A Study of Dice and Systems of Chance or Why Apparent Randomness and Bounded Outcomes Cannot Coexist Without Implied Causality

Preface

This essay advances a central argument: that systems displaying bounded variability cannot coherently be described as "uncaused." Bounded outcomes, by their very nature, imply governing constraints. These constraints, whether or not we fully understand them, are the hallmark of causality. Using dice as both physical objects and conceptual models, this analysis will explore the impossibility of uncaused yet bounded events. It will trace the development of dice, the human manipulation of chance, and the philosophical treatment of randomness and determinism, showing how bounded variability fundamentally presupposes causal structure.

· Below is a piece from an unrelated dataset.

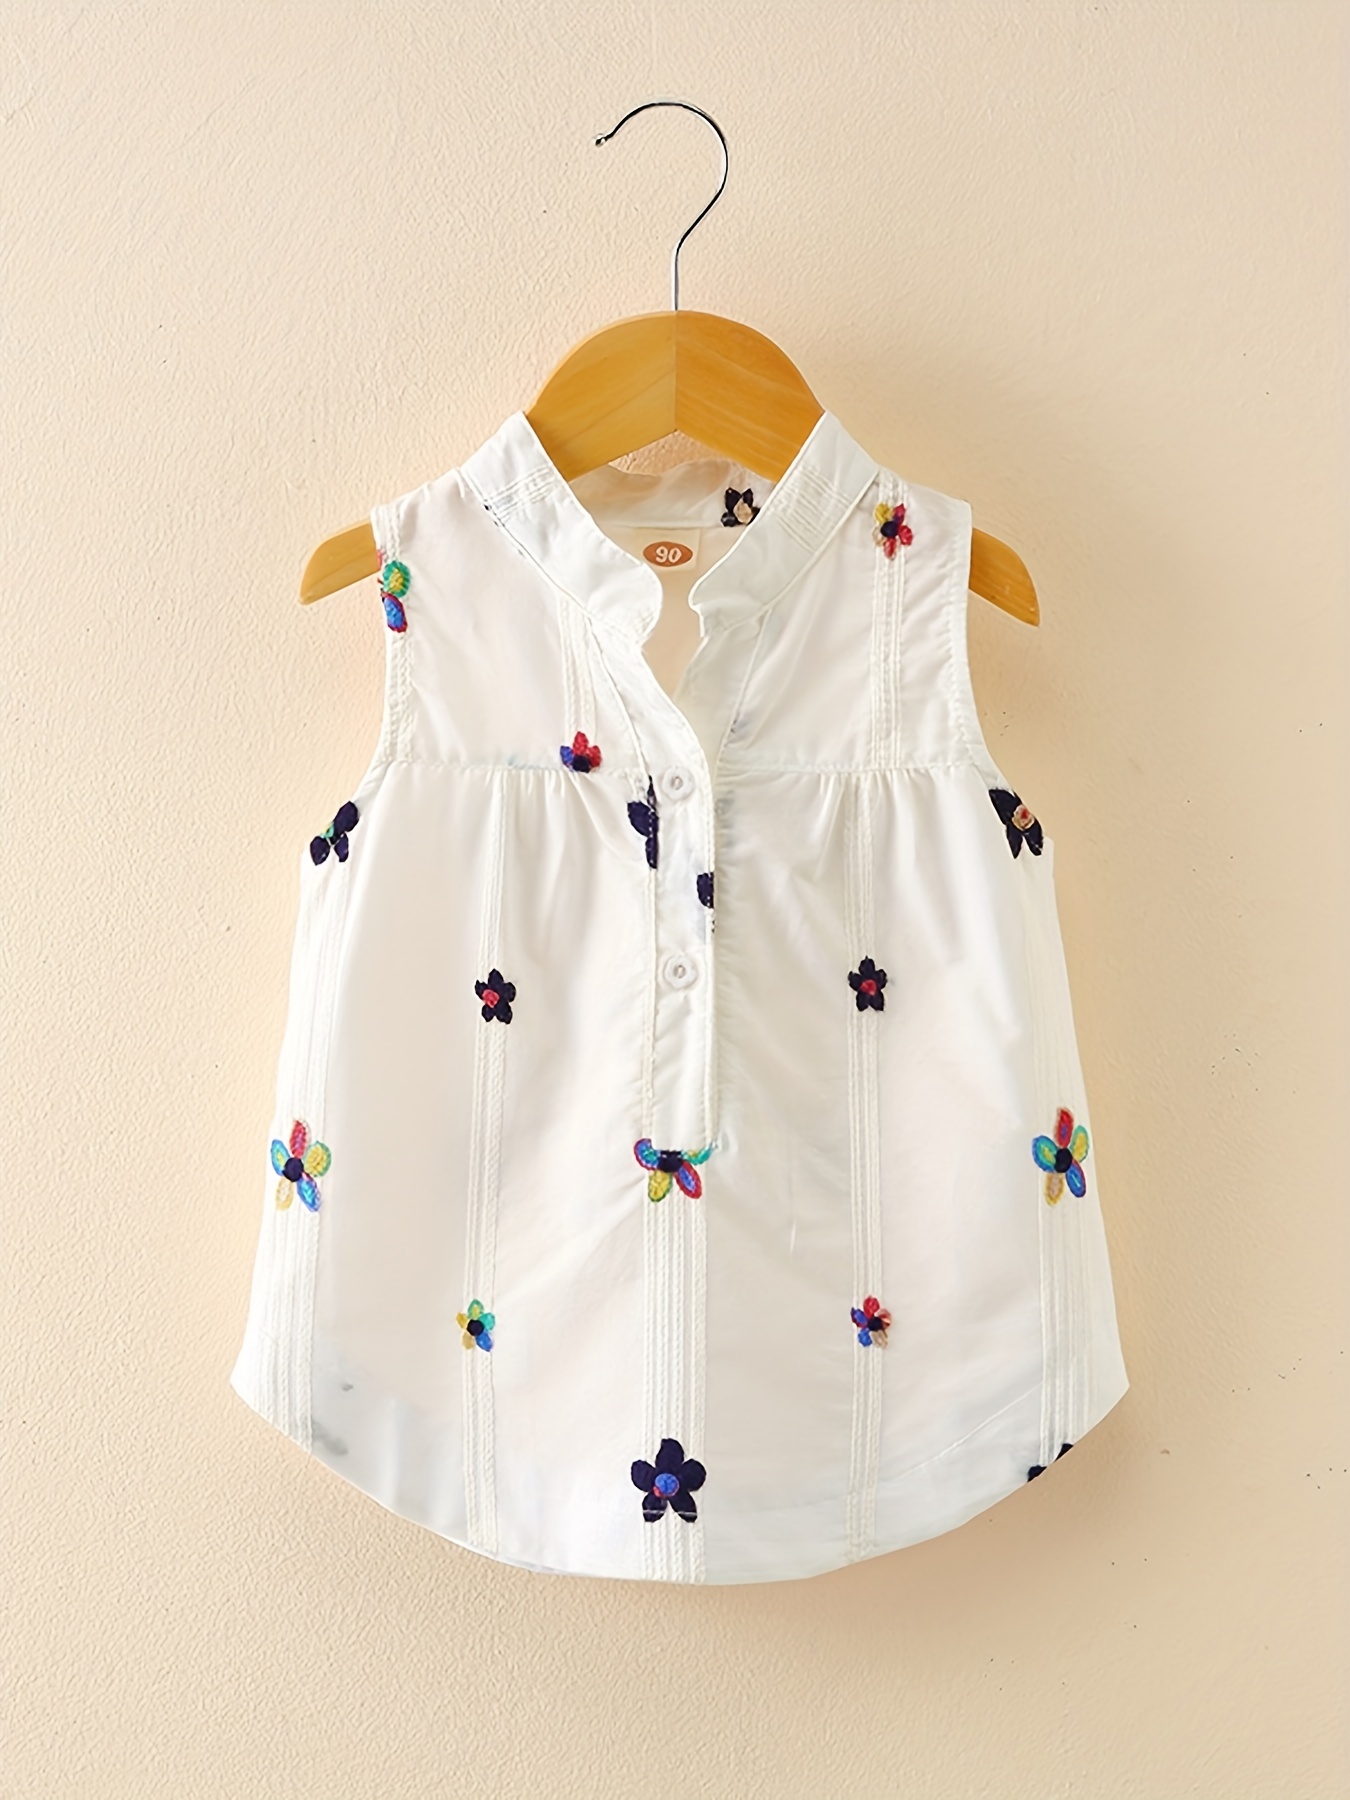 Baby Girls Summer Strapless Sleeveless T shirt New Fashion - Temu
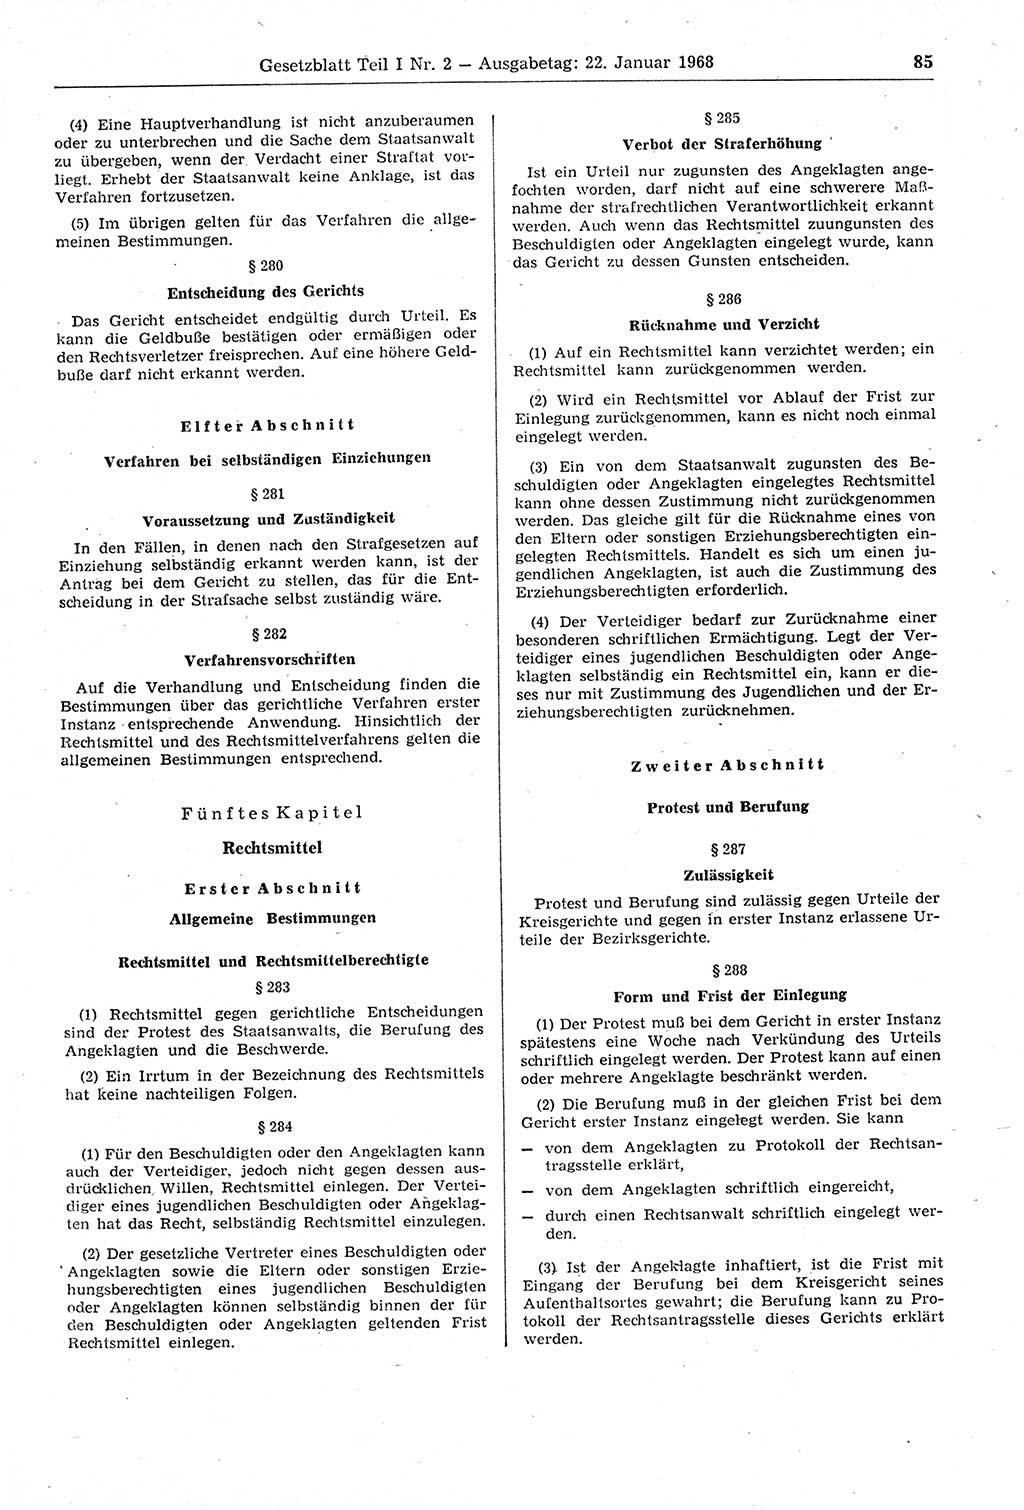 Gesetzblatt (GBl.) der Deutschen Demokratischen Republik (DDR) Teil Ⅰ 1968, Seite 85 (GBl. DDR Ⅰ 1968, S. 85)

Is my argument correct, or it just the case that the word is not only queerer than we imagine, but queerer than we can imagine? That is to say, are uncaused yet bounded events a feature of the world? Maybe the world is a hologram, but I’m not buying that one either.

Introduction

Dice have long been a symbol of randomness and chance. Whether in games, gambling, or probability theory, they seem to embody unpredictability. Yet, dice also exemplify an important physical truth: despite apparent randomness, their outcomes are bounded and limited. No throw of the dice results in an infinite range of outcomes; they fall within strict physical constraints. This essay will argue that this bounded variability is incompatible with the notion of uncaused events. By examining dice in historical, physical, and philosophical contexts, the essay will show that causality underpins the very structure of variability that dice (and by extension, many natural phenomena) exhibit.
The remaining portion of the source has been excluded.